§ **The problem**:
Your answer should be the lines of the listing that contain the word "Black".
- Opening Delimiter -
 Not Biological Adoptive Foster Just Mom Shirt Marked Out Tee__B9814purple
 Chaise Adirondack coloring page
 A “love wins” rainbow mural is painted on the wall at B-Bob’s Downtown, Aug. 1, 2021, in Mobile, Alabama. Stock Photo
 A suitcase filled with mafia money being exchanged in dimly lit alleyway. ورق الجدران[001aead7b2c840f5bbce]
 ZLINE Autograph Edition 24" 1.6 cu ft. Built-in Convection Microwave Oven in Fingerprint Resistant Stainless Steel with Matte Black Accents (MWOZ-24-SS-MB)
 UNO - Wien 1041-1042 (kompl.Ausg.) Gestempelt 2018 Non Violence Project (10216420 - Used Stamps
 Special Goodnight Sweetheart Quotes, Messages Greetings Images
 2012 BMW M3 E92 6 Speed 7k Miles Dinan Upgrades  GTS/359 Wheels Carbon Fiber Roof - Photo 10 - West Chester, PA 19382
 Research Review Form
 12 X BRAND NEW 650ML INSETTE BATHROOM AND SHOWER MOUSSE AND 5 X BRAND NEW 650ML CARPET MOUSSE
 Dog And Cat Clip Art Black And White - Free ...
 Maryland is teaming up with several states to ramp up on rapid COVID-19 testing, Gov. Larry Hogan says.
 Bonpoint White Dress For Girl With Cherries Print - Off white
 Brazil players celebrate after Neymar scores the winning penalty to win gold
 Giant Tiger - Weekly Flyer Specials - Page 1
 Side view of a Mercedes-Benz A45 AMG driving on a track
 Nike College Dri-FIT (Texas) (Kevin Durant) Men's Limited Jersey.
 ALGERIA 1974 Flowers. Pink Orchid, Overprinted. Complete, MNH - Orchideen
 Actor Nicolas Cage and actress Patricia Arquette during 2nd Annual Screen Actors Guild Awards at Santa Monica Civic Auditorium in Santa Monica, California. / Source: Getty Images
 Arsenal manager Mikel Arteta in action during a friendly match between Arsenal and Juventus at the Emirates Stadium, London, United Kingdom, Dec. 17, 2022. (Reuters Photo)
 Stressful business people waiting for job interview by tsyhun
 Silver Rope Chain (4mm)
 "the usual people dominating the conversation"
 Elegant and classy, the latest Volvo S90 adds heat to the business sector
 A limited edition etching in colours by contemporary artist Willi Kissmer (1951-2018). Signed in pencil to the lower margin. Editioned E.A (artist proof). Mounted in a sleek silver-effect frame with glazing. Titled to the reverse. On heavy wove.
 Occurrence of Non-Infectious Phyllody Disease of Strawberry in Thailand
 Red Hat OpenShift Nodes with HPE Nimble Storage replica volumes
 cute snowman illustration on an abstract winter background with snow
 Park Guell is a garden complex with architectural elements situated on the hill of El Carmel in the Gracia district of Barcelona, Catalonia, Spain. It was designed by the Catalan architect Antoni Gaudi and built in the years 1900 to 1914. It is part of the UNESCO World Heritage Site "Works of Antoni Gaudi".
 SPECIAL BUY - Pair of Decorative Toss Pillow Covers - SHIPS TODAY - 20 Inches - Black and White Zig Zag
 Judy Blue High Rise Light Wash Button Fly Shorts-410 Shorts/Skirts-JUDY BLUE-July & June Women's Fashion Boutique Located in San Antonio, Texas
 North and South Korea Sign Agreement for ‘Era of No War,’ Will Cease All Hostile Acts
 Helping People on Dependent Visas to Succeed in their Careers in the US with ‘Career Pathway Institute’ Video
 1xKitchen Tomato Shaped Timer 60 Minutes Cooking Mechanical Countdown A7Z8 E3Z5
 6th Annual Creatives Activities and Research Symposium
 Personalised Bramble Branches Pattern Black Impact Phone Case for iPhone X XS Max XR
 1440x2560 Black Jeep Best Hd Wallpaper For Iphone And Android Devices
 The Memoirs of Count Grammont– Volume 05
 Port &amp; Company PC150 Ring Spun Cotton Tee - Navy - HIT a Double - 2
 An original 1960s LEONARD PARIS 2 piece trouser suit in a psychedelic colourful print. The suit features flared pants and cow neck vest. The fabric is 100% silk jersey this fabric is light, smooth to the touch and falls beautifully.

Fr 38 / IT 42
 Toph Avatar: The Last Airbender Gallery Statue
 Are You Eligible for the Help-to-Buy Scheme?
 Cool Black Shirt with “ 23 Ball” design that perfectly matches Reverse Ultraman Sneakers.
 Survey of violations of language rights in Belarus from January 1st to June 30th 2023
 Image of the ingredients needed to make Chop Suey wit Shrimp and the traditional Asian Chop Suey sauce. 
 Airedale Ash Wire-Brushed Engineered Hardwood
- Closing Delimiter -
§ **Your response**:
 ZLINE Autograph Edition 24" 1.6 cu ft. Built-in Convection Microwave Oven in Fingerprint Resistant Stainless Steel with Matte Black Accents (MWOZ-24-SS-MB)
 Dog And Cat Clip Art Black And White - Free ...
 SPECIAL BUY - Pair of Decorative Toss Pillow Covers - SHIPS TODAY - 20 Inches - Black and White Zig Zag
 Personalised Bramble Branches Pattern Black Impact Phone Case for iPhone X XS Max XR
 1440x2560 Black Jeep Best Hd Wallpaper For Iphone And Android Devices
 Cool Black Shirt with “ 23 Ball” design that perfectly matches Reverse Ultraman Sneakers.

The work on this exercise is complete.